*Supplied data*.
=== Begin Enclosure ===

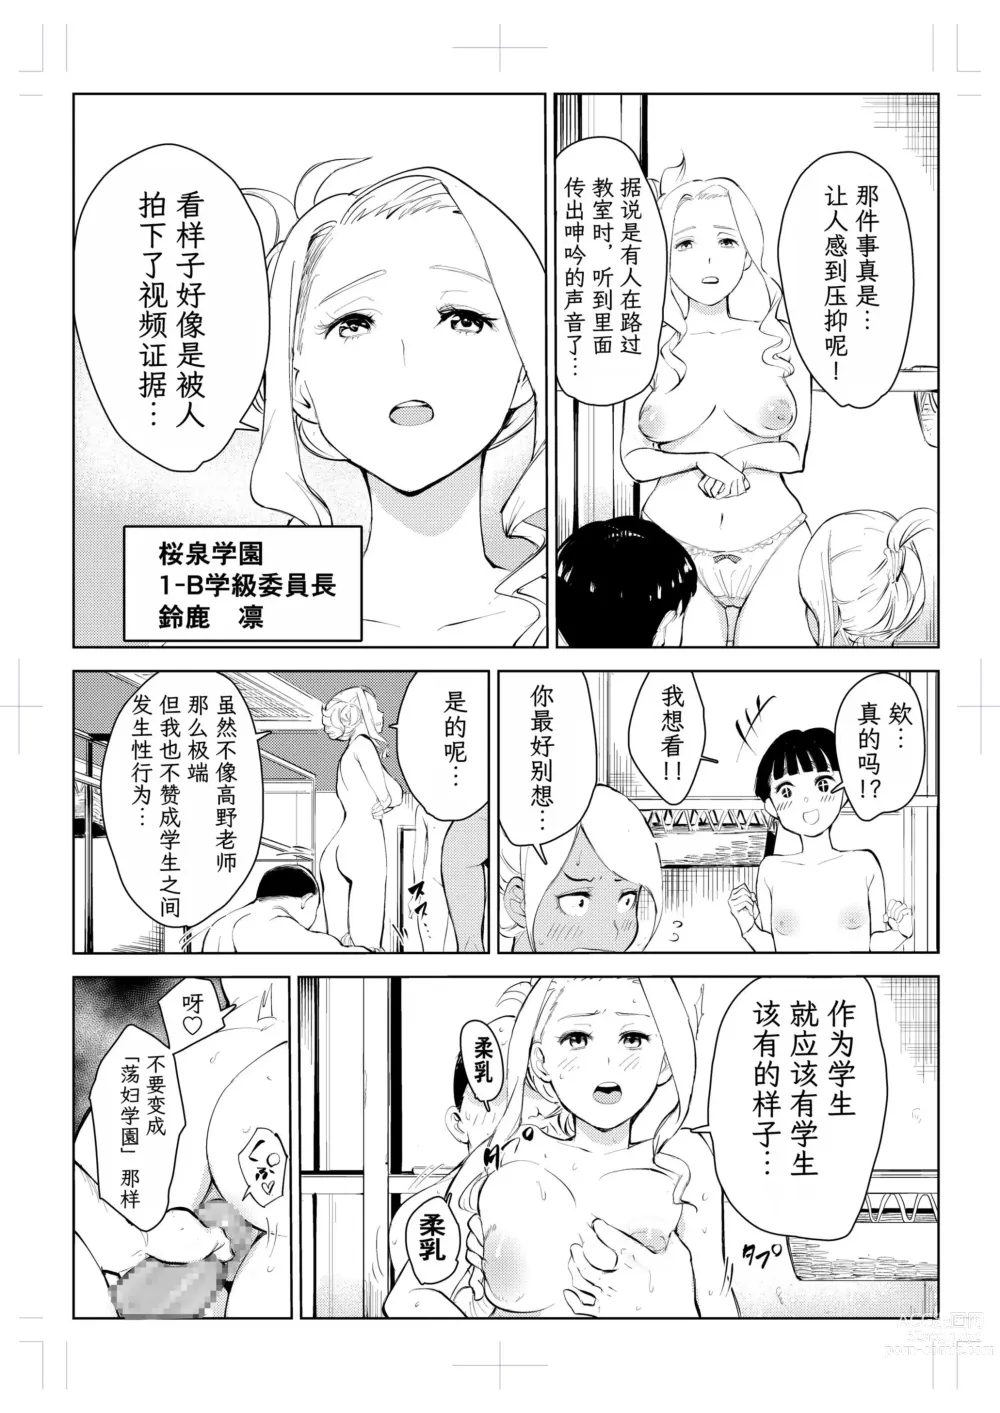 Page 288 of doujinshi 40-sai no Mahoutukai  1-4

=== End Enclosure ===
=== Begin Enclosure ===

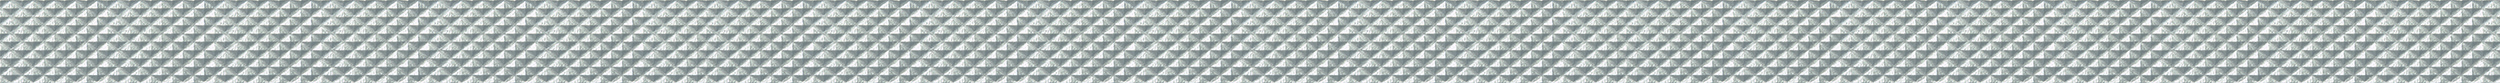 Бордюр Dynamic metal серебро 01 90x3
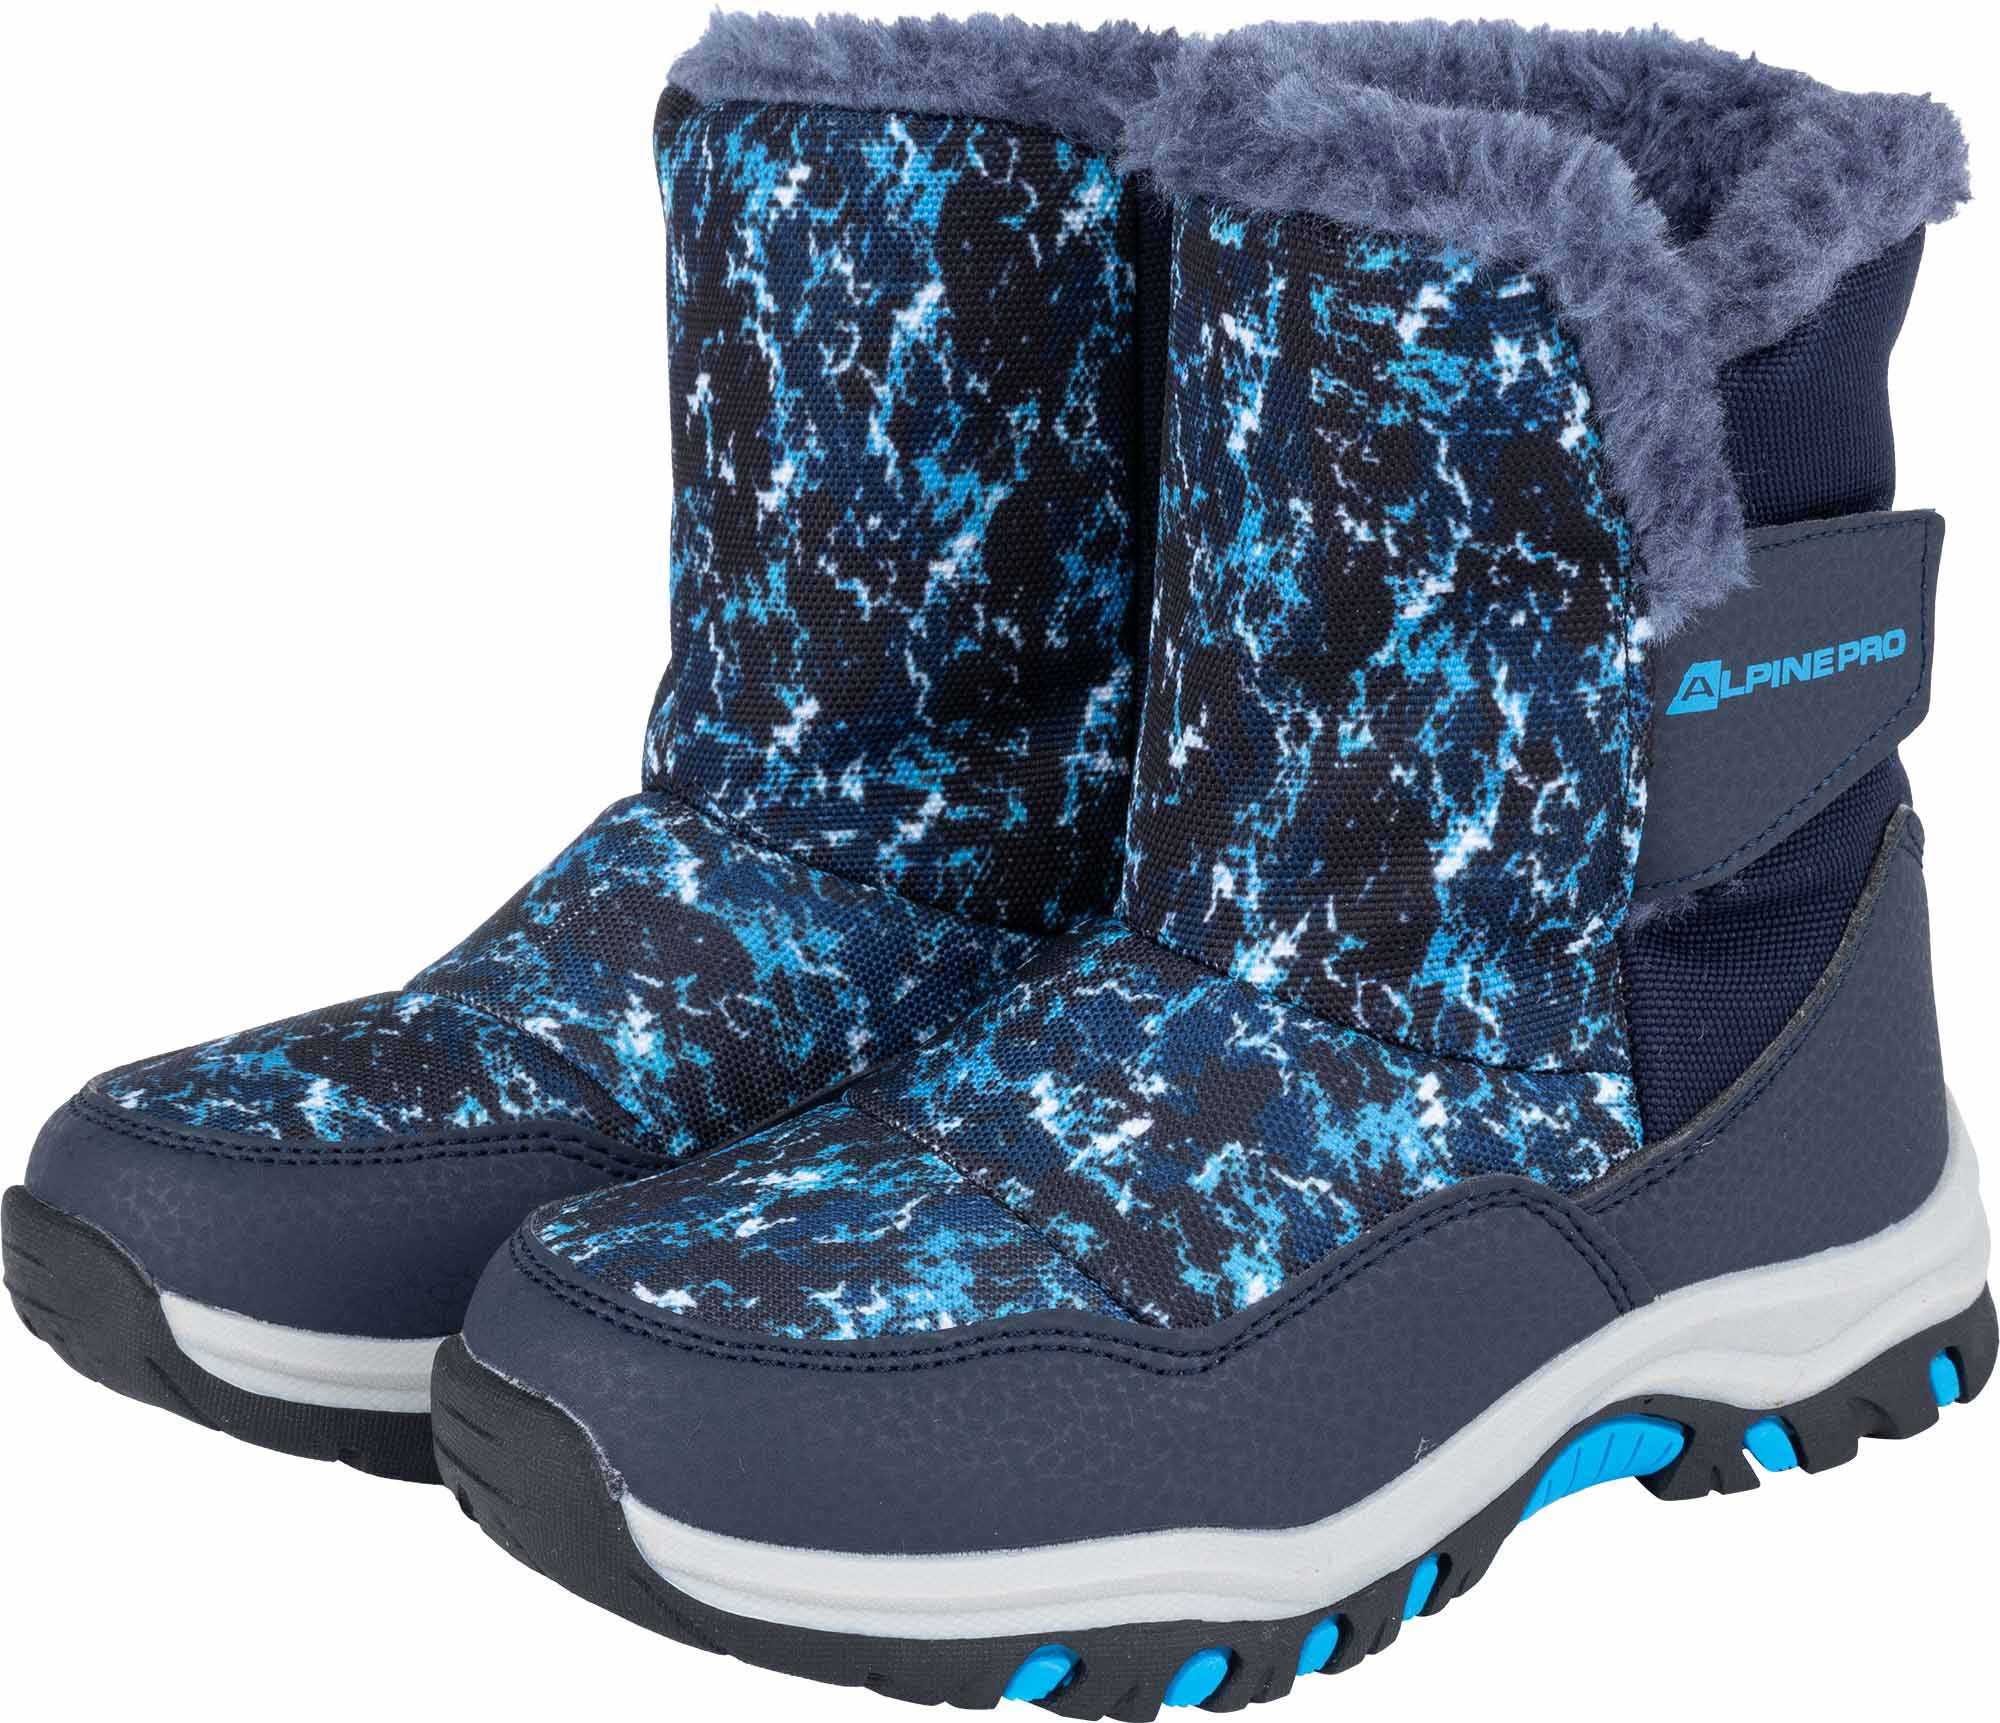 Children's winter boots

=== End Enclosure ===

*Your assignment*. Copy word for word the span of the records above that begins at the line with "Бордюр Dynamic metal серебро 01 90x3" and ends at the line with "Children's winter boots", including those two lines but not the pictures.

*Answer to this exercise*.
 Бордюр Dynamic metal серебро 01 90x3
 Children's winter boots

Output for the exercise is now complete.